### Try it
From the entries that follow, copy exactly the lines beginning at the line holding "by Frank Herbert" and continuing through the line holding "Yukon Gold (PPG1209-4)".

### Task inputs
--- START ---
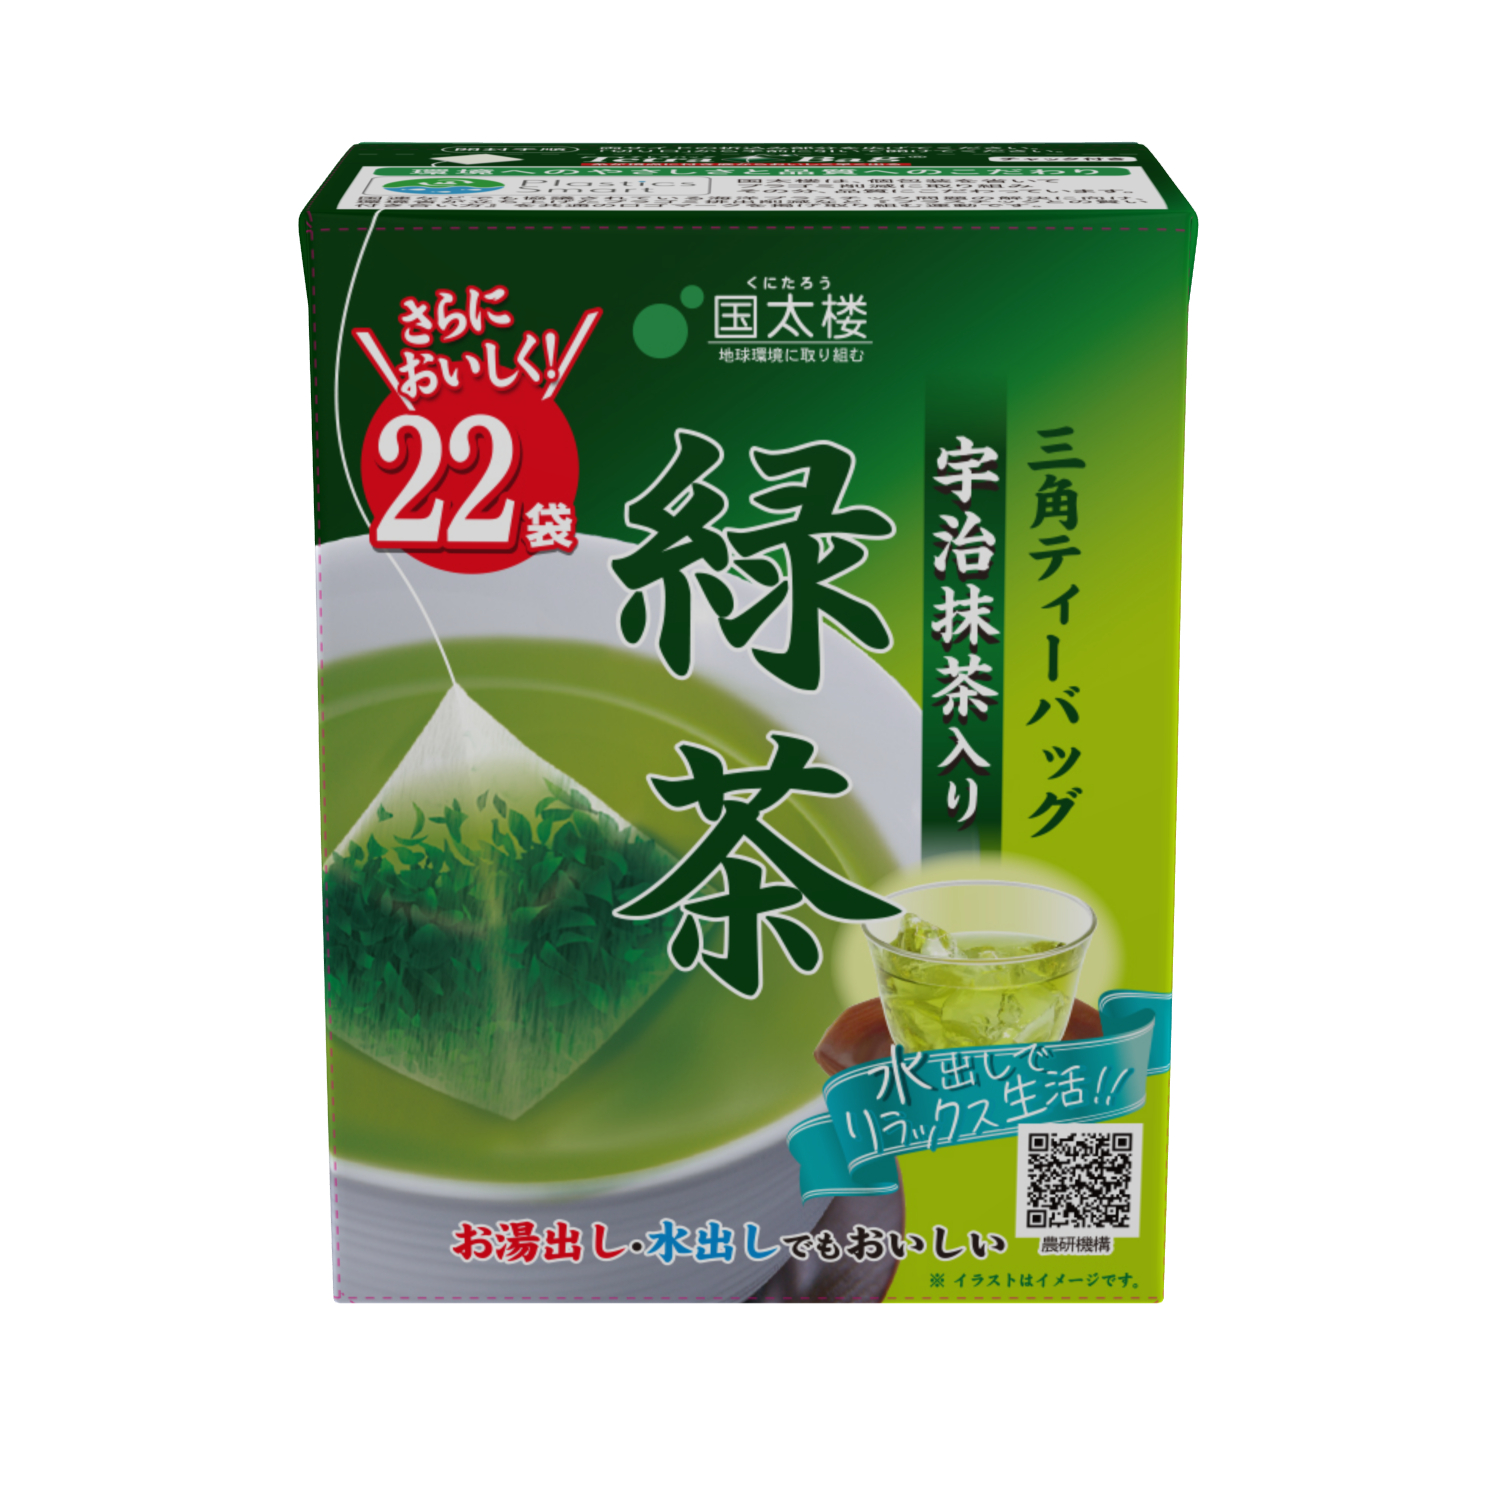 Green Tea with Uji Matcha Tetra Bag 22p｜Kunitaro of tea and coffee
--- END ---
--- START ---
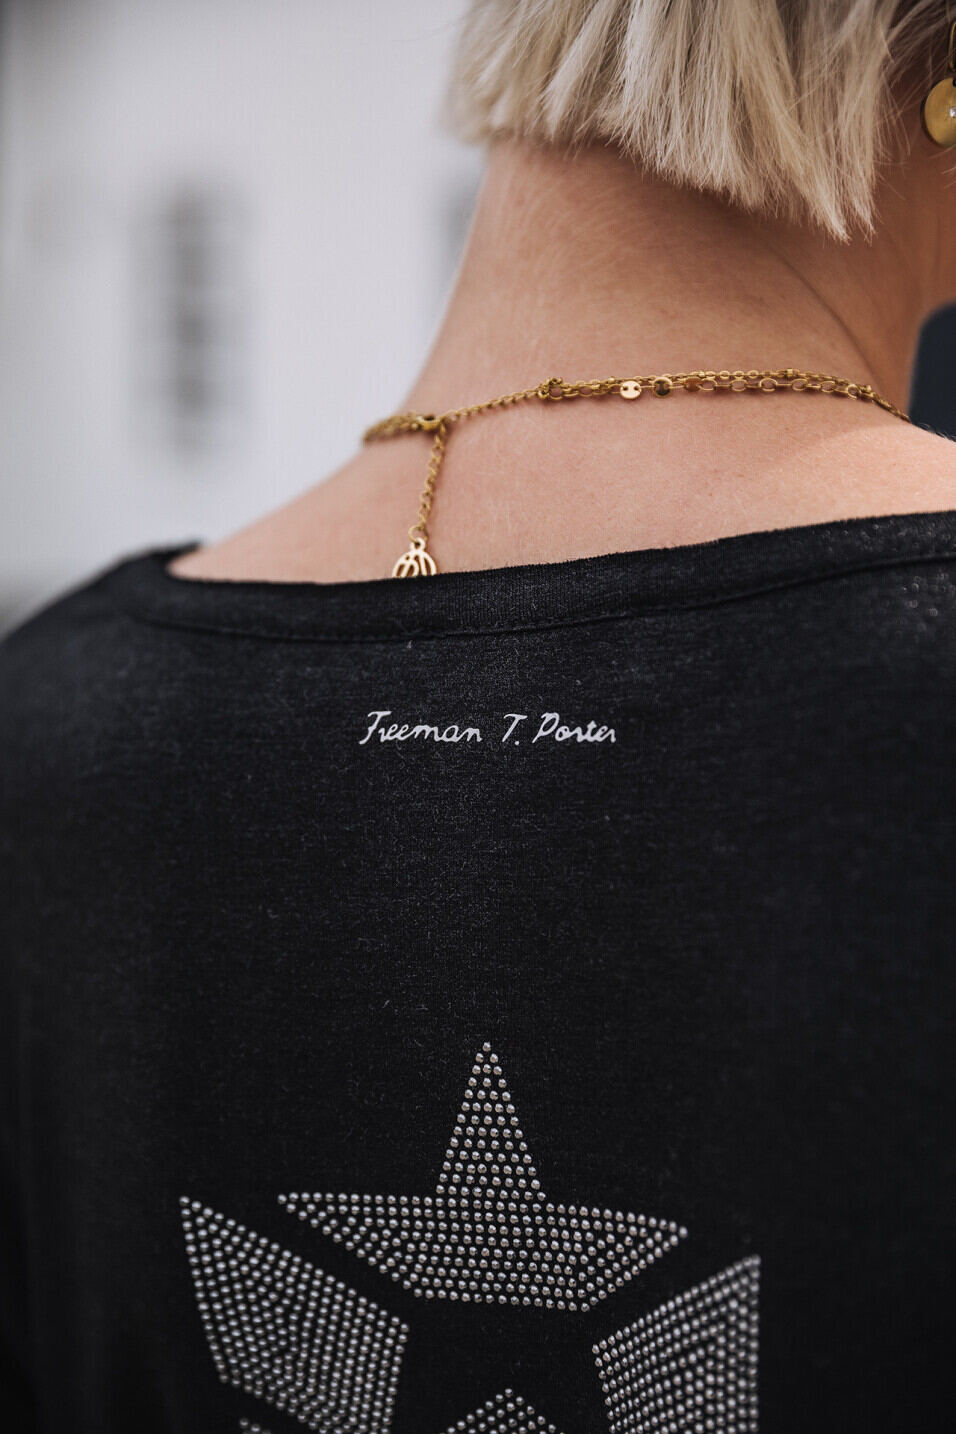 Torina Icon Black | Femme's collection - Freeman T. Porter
--- END ---
--- START ---
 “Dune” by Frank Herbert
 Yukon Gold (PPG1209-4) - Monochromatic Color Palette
--- END ---
### Exercise answer
 “Dune” by Frank Herbert
 Yukon Gold (PPG1209-4) - Monochromatic Color Palette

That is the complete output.